This guide mainly deals with primary control specifications; additional tasks are covered but the
guide does not elaborate on specific details.
Specifically the primary control can include some or all of the following functions:
– unit start-up and shut-down;
– idling before synchronizing and after separation from the network and synchronizing;
– isolated network operation;
– parallel operation on large networks in speed control and power output control mode;
– head water level and/or flow control;
– operating mode transitions;
– monitoring and safety functions.
The guide also deals with aspects of the actuating energy supply.
The controlled system in a hydroturbine control loop, i.e., the respective transfer function, is
characterized by:
– the unit(s), i.e. turbine(s) and generator(s);
– the water passage system;
– the network to which the unit(s) is (are) connected;
– the modes of operation as mentioned above.
The parameters of the primary control system (speed governor, power output governor, etc.)

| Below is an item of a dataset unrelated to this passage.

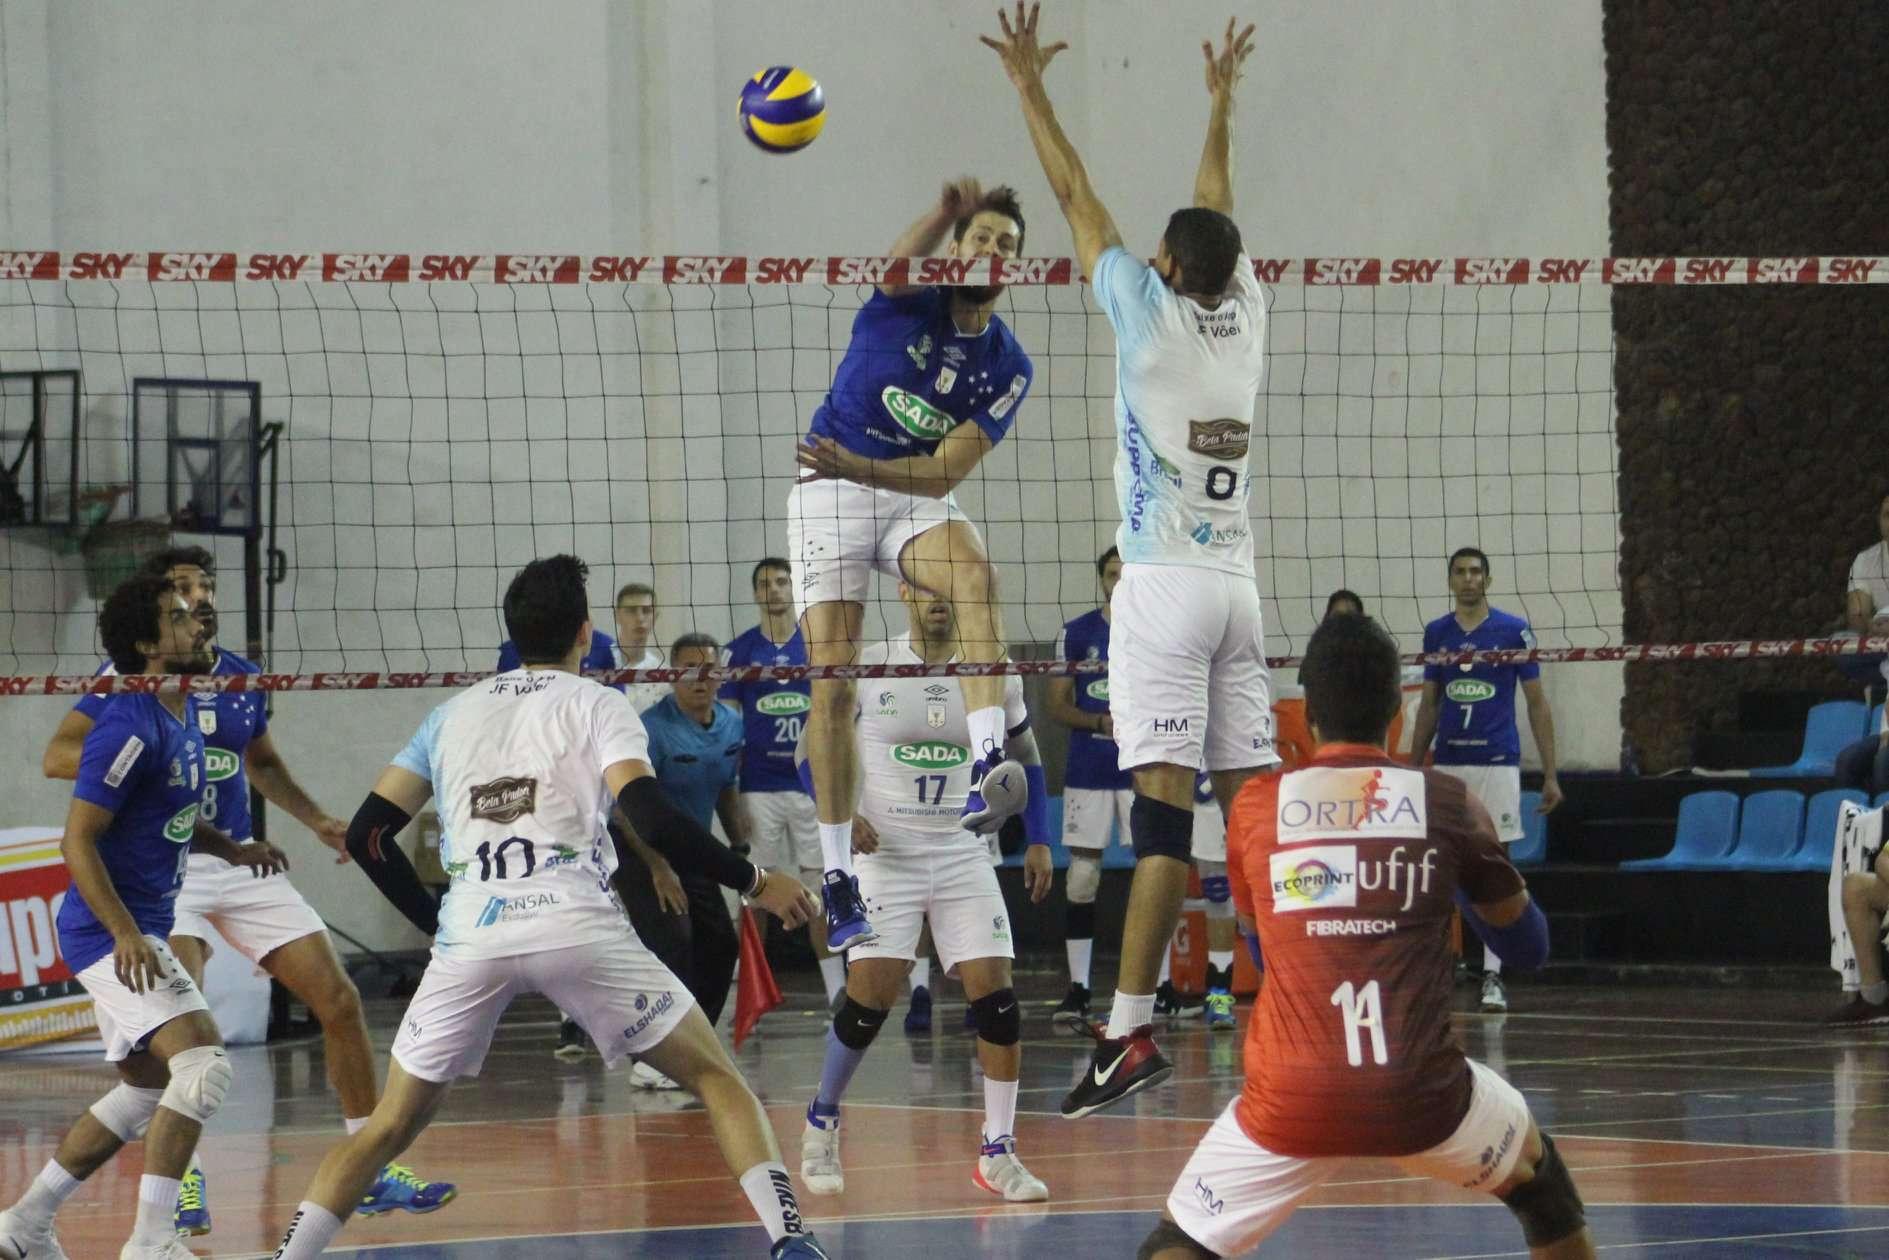 Em Contagem, JF Vôlei encerra participação na primeira fase do Mineiro

are to be carefully matched to the prevailing system conditions in order to:
– achieve adequate stability;
– satisfy performance requirements with respect to damping, response and accuracy;
– provide safety with respect to limitations in hydraulic transients, etc.
To achieve the above, in many cases modeling and simulations are valuable. The guide refers
to some important aspects in this respect.
Since the governors have to be able to cope with a range of conditions, it is suitable practice to
specify that a certain range for the setting of parameters is available in the governors. The
guide follows this practice in the relevant part.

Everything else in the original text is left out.